Um outro fator inerente a esse espaço é ter acesso ao acervo e empréstimo de livros. Nele o aluno tem a oportunidade de adquirir o hábito de ir às estantes e

explorar o acervo livremente, ou “tutelado” pelo professor mediador, o que é essencial na formação do usuário de biblioteca. Ter a oportunidade de estar com os livros, explorá-los, escolher um título para empréstimo e levá-lo para casa concretiza, para os alunos, o papel de leitores.

O empréstimo de livros viabiliza a experiência do aluno de aproximar-se efetivamente da leitura, para além do espaço da biblioteca.

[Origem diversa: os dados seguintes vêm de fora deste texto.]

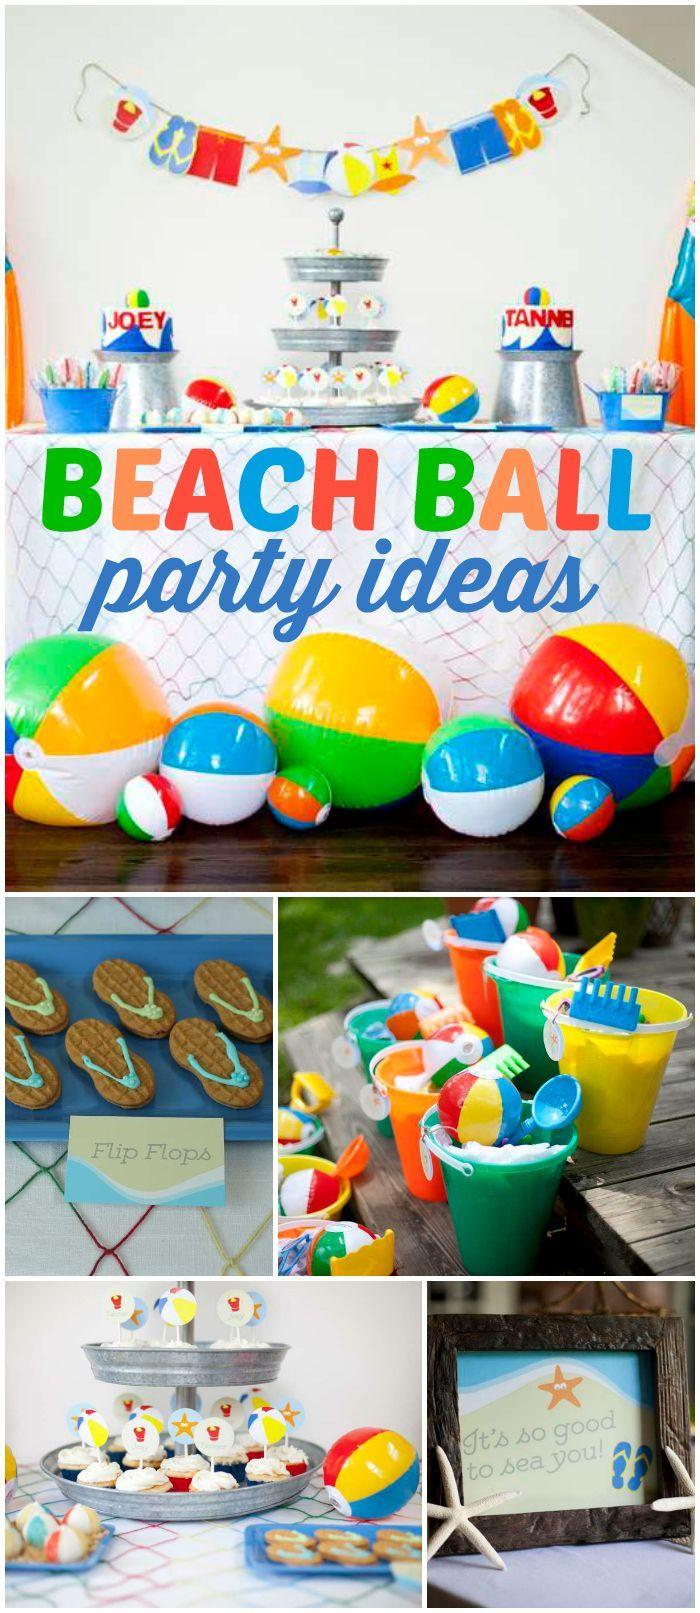 Best Beach Party Ideas  Pin by ArtsyCraftsyMom

Dessa forma, o livro, e, conseqüentemente, a leitura, participam de maneira concreta da vida pessoal e social do aluno. Retirar um livro da biblioteca e levá-lo para casa é poder vivenciar a experiência de ser leitor. Devolvê-lo no tempo certo e sem danos é respeitar regras e vivenciar a experiência de leitor socialmente comprometido.

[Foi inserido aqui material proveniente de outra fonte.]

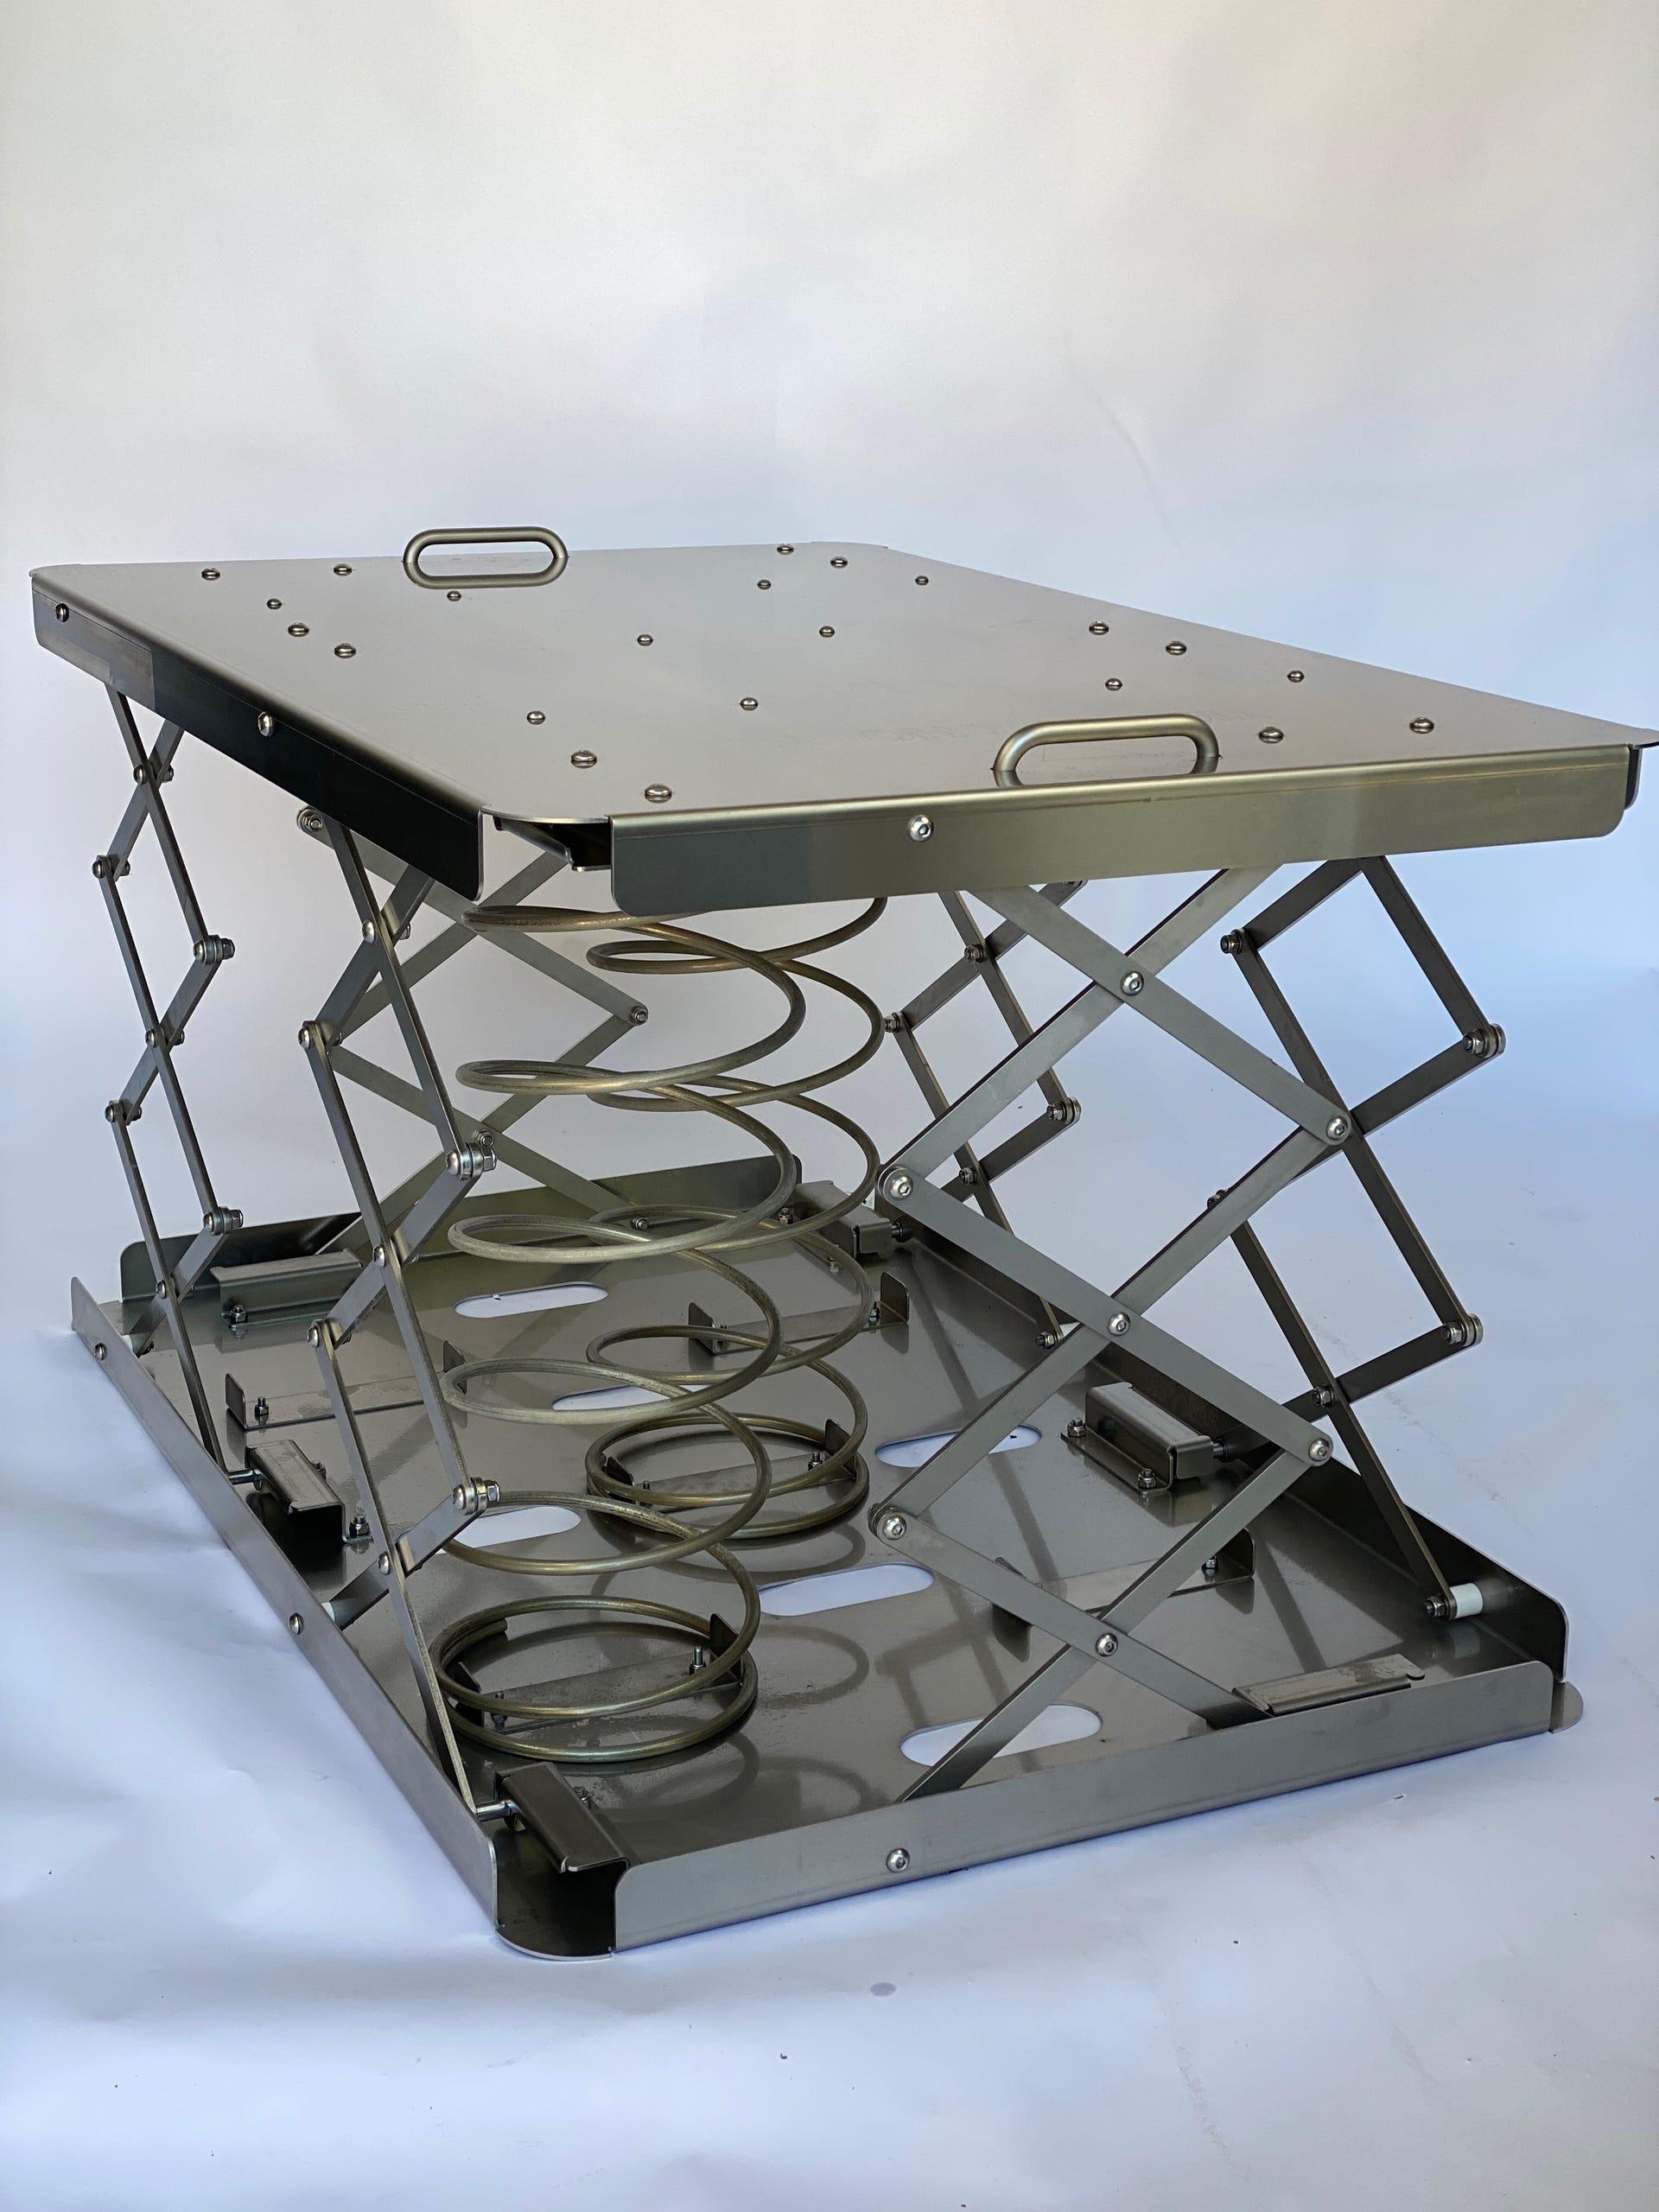 Ergo-BOX Einsatz Federsystem

Outrossim, o fato de tomar contato com uma organização de informação, presente na biblioteca, mostra para o aluno sua importância social. O grande número de informações presentes em diversos suportes, como livros, vídeos, CDs, jornais, revistas etc. ganham, na visão do aluno um arranjo próprio e seu contato com essa diversidade o capacita para que ele possa vir a ser, em outro momento, um usuário autônomo de biblioteca.

A rotina, conquistada com um trabalho semanal e sistemático, na mesma hora, no mesmo lugar, usando as mesmas estratégias, cumprindo todos os momentos durante os encontros, permite que o trabalho se desenvolva com segurança, para o aluno e para o professor. Esta previsibilidade, que faz parte da rotina, vincula o aluno e lhe dá segurança, na medida em que ele sente familiaridade com o trabalho.

A leitura mediada realizada na biblioteca escolar busca ser um estímulo a mais para levar o aluno à leitura autônoma, principalmente se o aluno tiver acesso ao acervo, se for mediado pelo professor em suas escolhas e se a biblioteca tiver disponíveis para empréstimos os títulos lidos durante a leitura mediada.